Let $R$ and $S$ be rings and ${}_{S}A_{R}$, ${}_{R}B$, $C_{R}$, ${}_{R}D_{S}$ (bi)modules as indicated.
(i) $A\otimes_R B$ is a left $S$-module such thats $s(a\otimes b)= sa\otimes b$ for all $s\in S$, $a\in A$, $b\in B$.
Sketch of proof: (i) For each $s\in S$ the map $A\times B\to A\otimes_R B$ given by $(a,b)\mapsto sa\otimes b$ is $R$-middle linear, and therefore induces a unique group homomorphisma. $\alpha_s : A\otimes_R B\to A\otimes_R B$ such that $\alpha_s(a\otimes b)= sa\otimes b$. For each element $u=\sum_{i=1}^na_i\otimes b_i\in A\otimes_R B$ define $su$ to be the element $\alpha_s(u)=\sum_{i=1}^n \alpha_s (a_i\otimes b_i) = \sum_{i=1}^n s a_i \otimes b_i$. Since $\alpha_s$ is a homomorphism, this action of $S$ is well defined (that is, independent of how $u$ is written as a sum of generators). It is now easy to verify that $A\otimes_R B$ is a left $S$-module.
(1) Is statement of theorem precise? I mean scalar multiplication is only defined for generators of $A\otimes_R B$. By axiom of left $S$-module, we have $$s(\sum_{i=1}^na_i\otimes b_i)= \sum_{i=1}^n s(a_i\otimes b_i)= \sum_{i=1}^n s a_i\otimes b_i.$$ But well-defined of scalar multiplication on generator don’t extend over to arbitrary element of $A\otimes_R B$.

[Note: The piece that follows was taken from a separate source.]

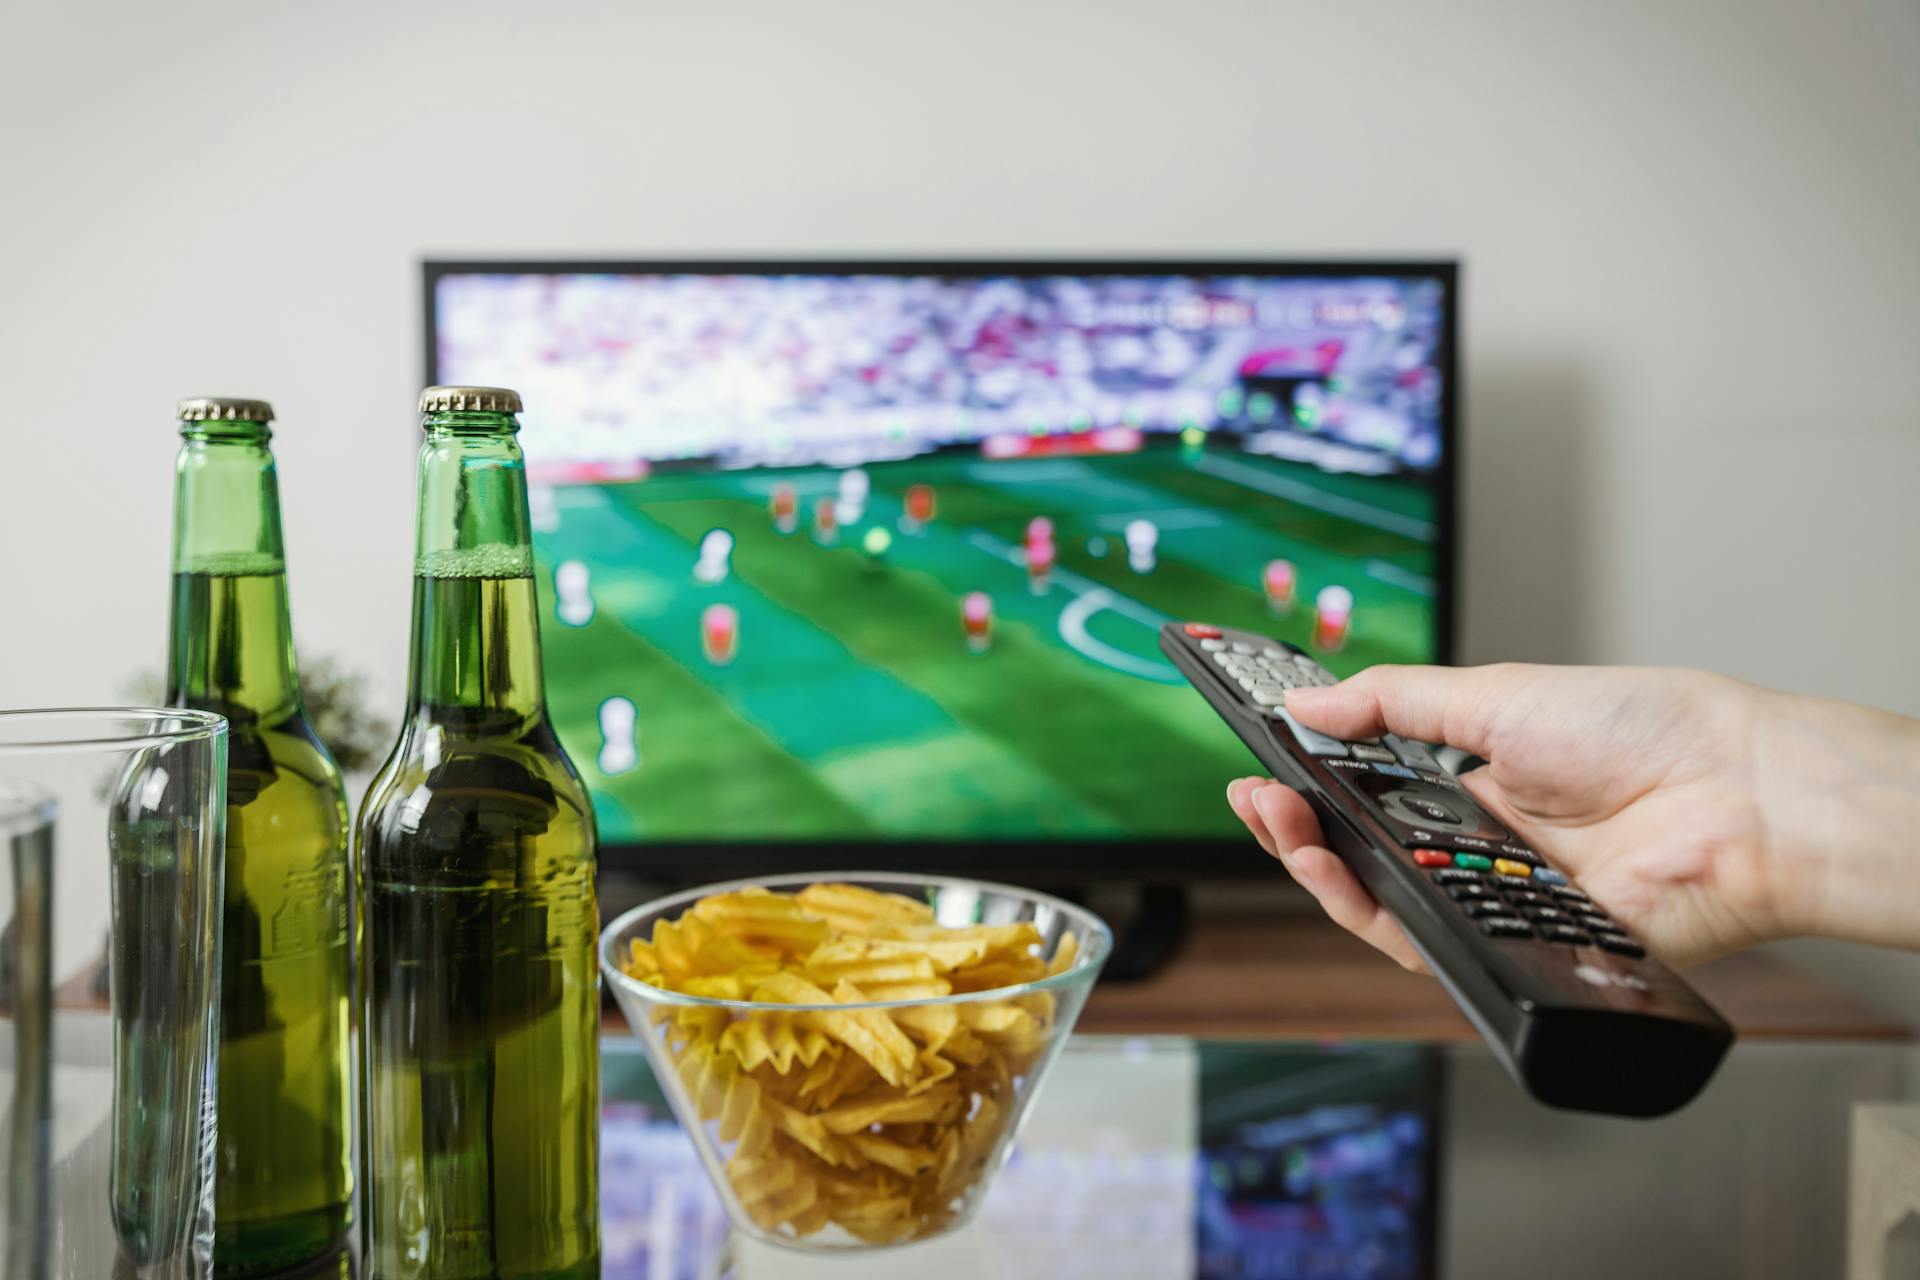 A person watching sport on TV | Source: Pexels

(2) Author’s proof of theorem is really cleaver; scalar multiplication is well-defined follows from $\alpha_s$ is well-defined. I am trying to prove scalar multiplication is well-defined on generators of $A\otimes_R B=F/K$ using direct approach. If $a\otimes b=c\otimes d$, then $sa\otimes b = sc\otimes d$. Suppose $a\otimes b=c\otimes d$$\iff$$(a,b)-(c,d)\in K$. We need to show $(sa,b)-(sc,d)\in K$. How to progress from here?